• _SOURCE INFORMATION_

=== Section Start ===

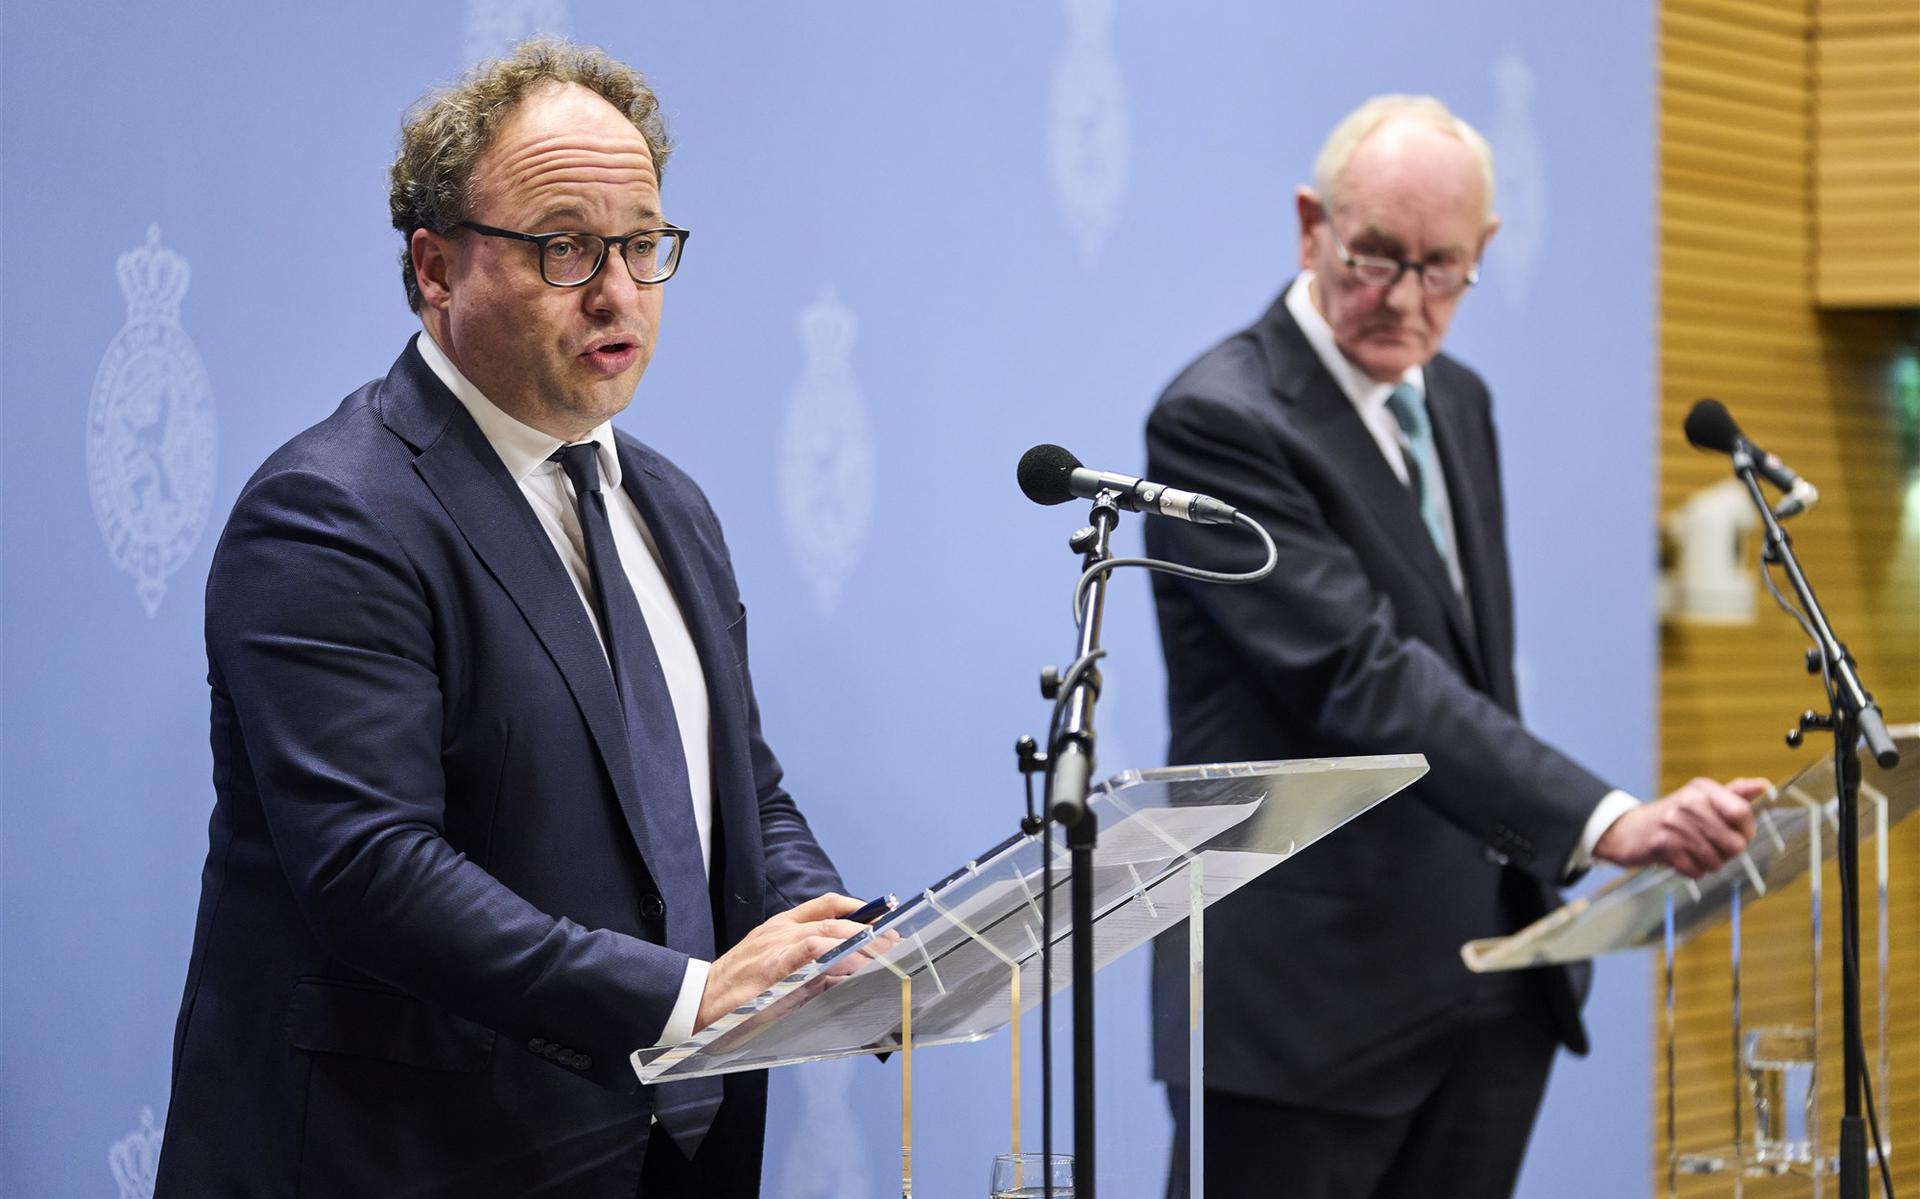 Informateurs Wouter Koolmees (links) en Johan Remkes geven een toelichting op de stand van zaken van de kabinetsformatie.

=== Section End ===
=== Section Start ===

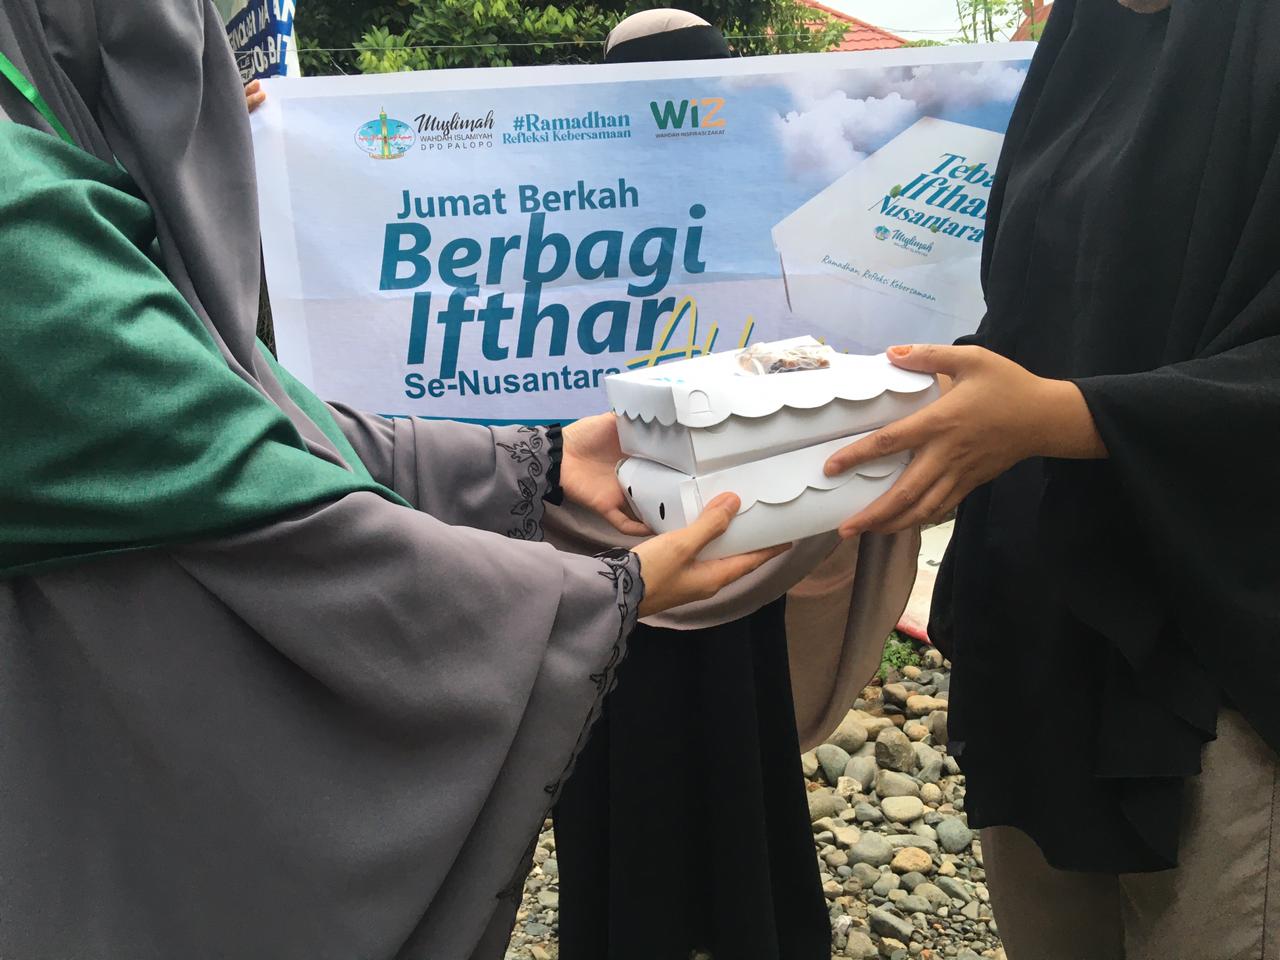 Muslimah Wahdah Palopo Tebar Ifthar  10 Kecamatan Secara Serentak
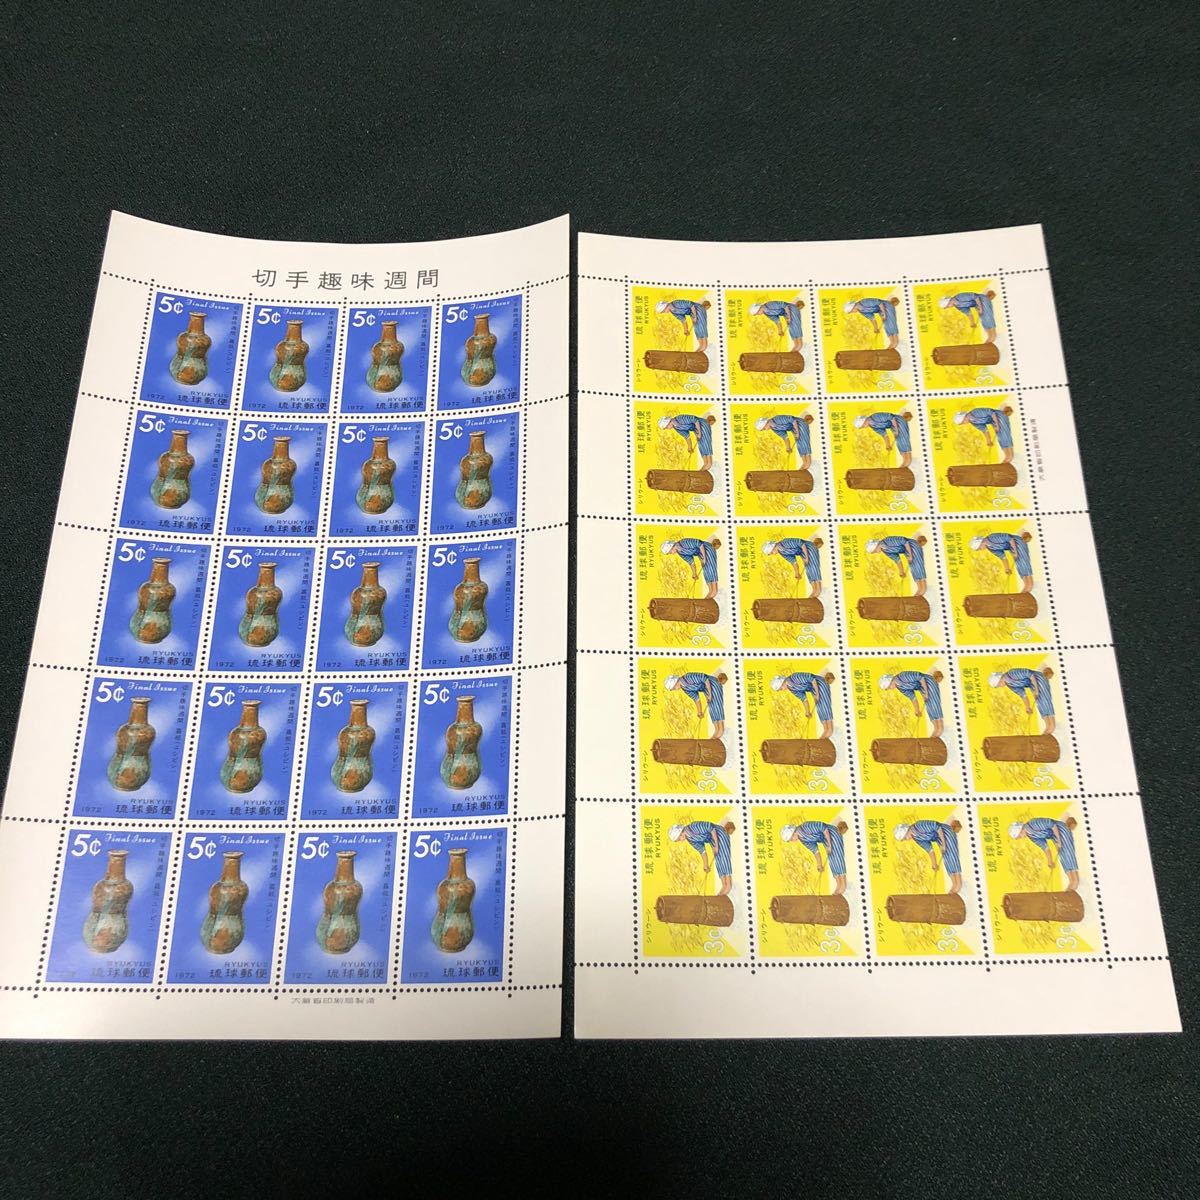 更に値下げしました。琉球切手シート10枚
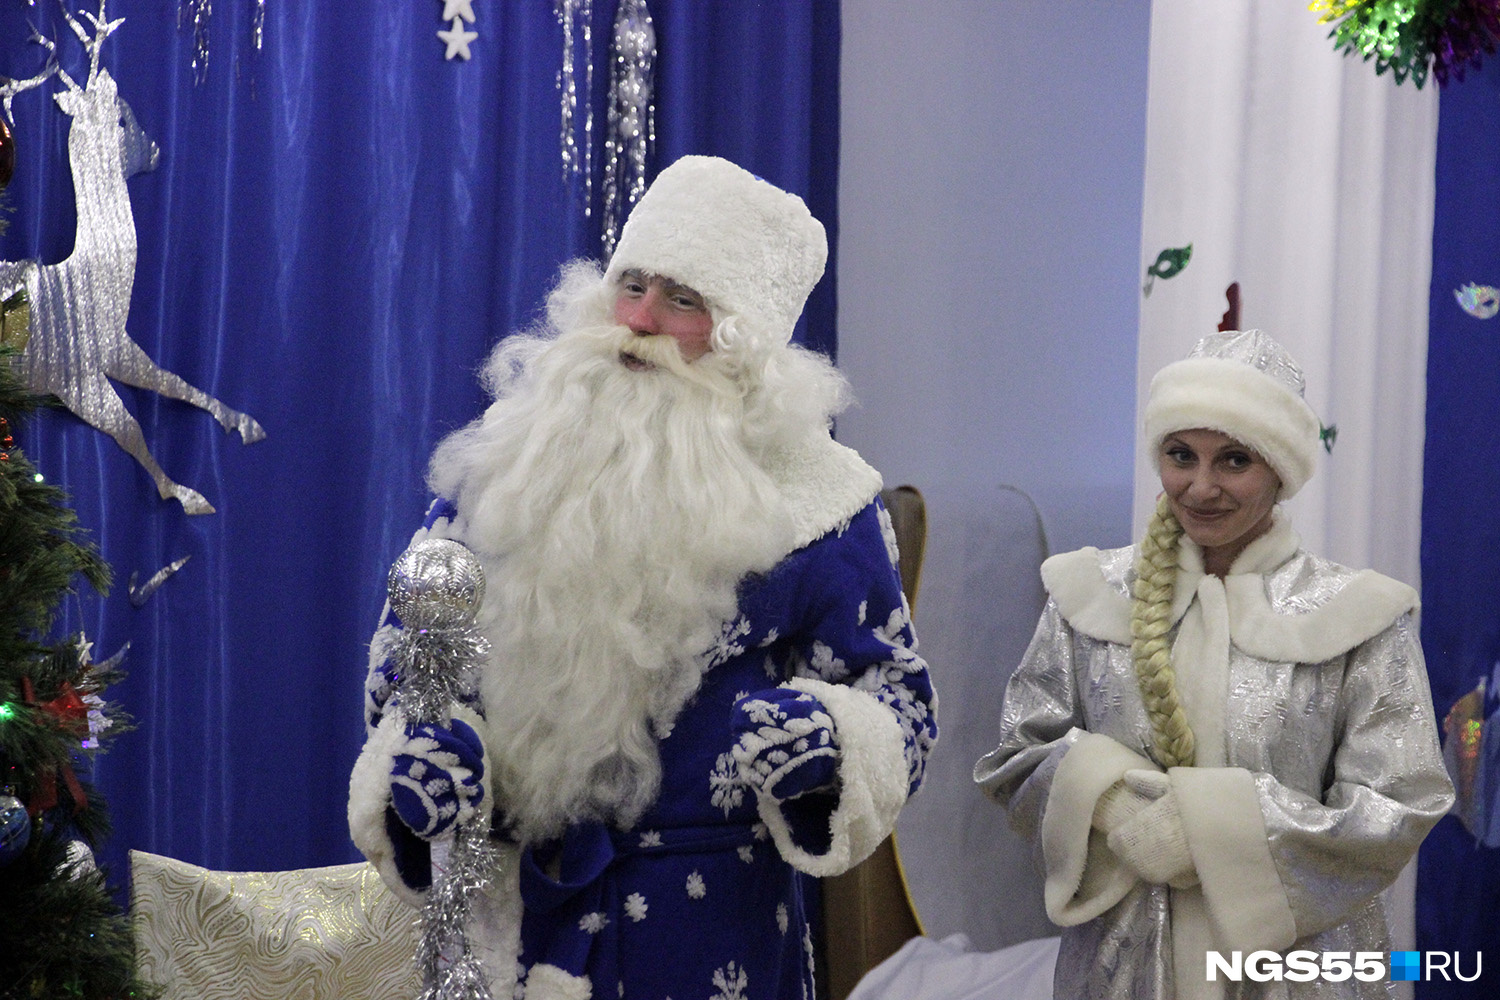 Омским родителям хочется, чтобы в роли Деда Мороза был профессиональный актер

=== Section End ===
=== Section Start ===

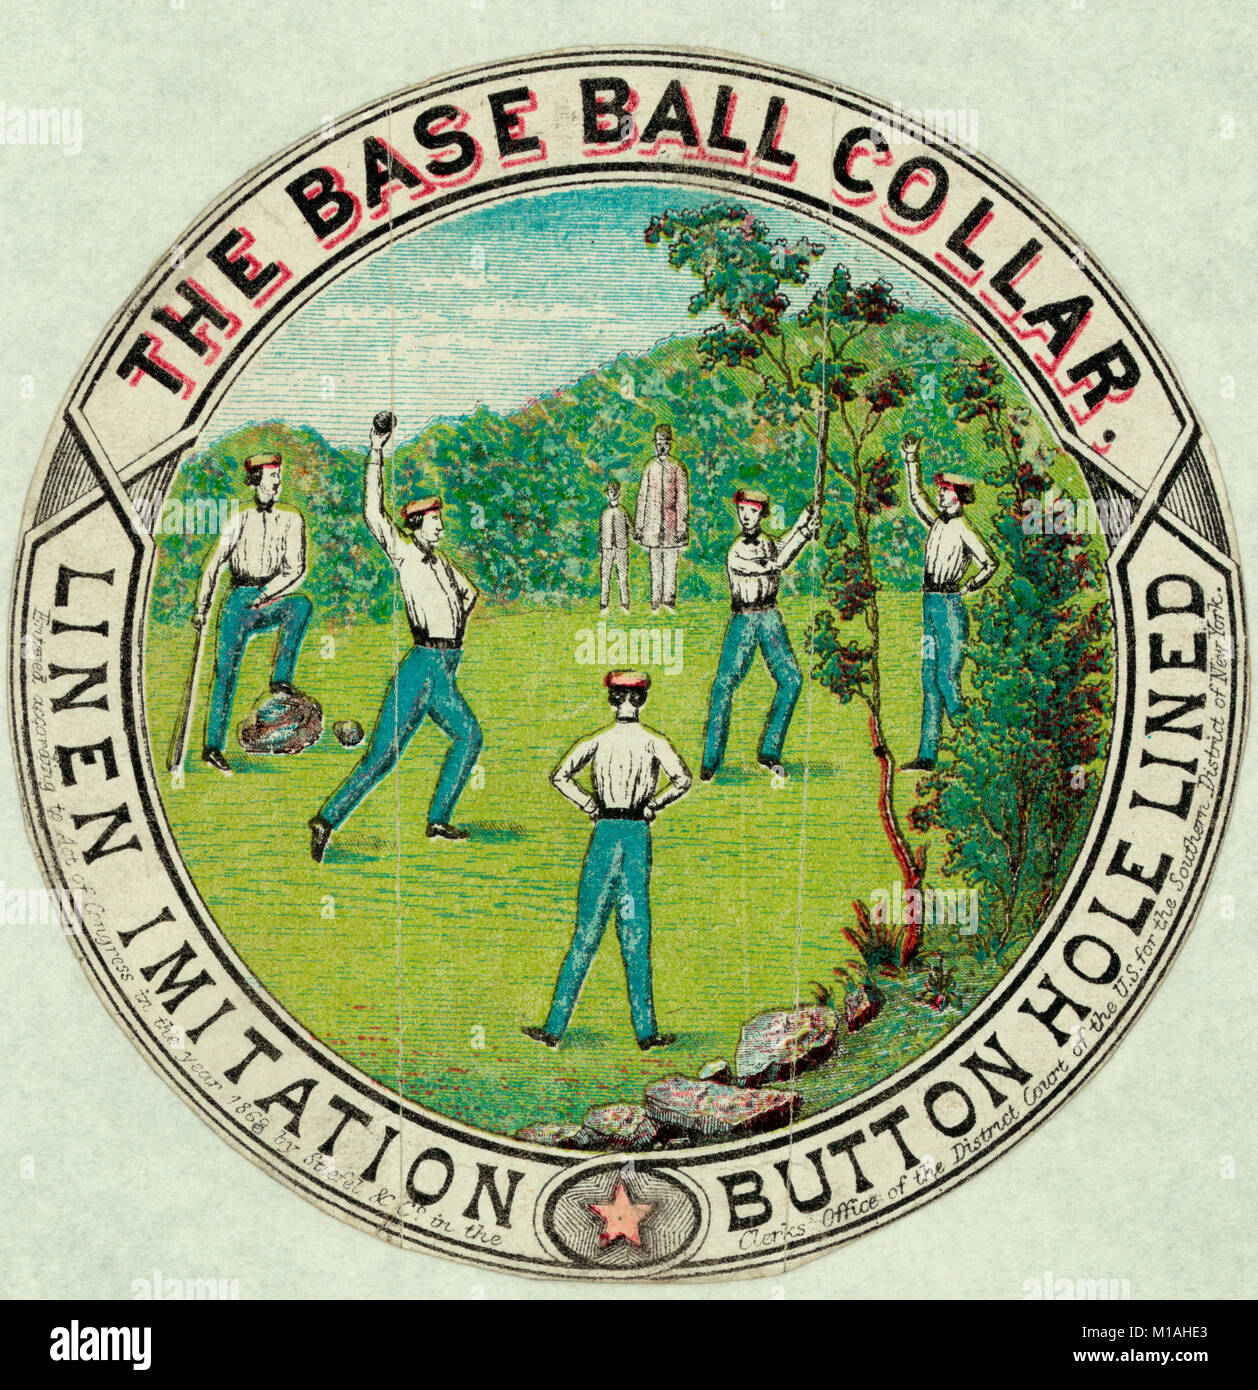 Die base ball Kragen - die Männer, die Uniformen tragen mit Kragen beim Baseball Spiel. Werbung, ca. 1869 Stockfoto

=== Section End ===

• _WORK TO COMPLETE_
What's needed is an exact copy of the lines above from the one with "更に値下げしました。琉球切手シート10枚" through the one with "Омским родителям хочется, чтобы", both included; the pictures stay out.

• _FINISHED EXERCISE_
 更に値下げしました。琉球切手シート10枚
 Омским родителям хочется, чтобы в роли Деда Мороза был профессиональный актер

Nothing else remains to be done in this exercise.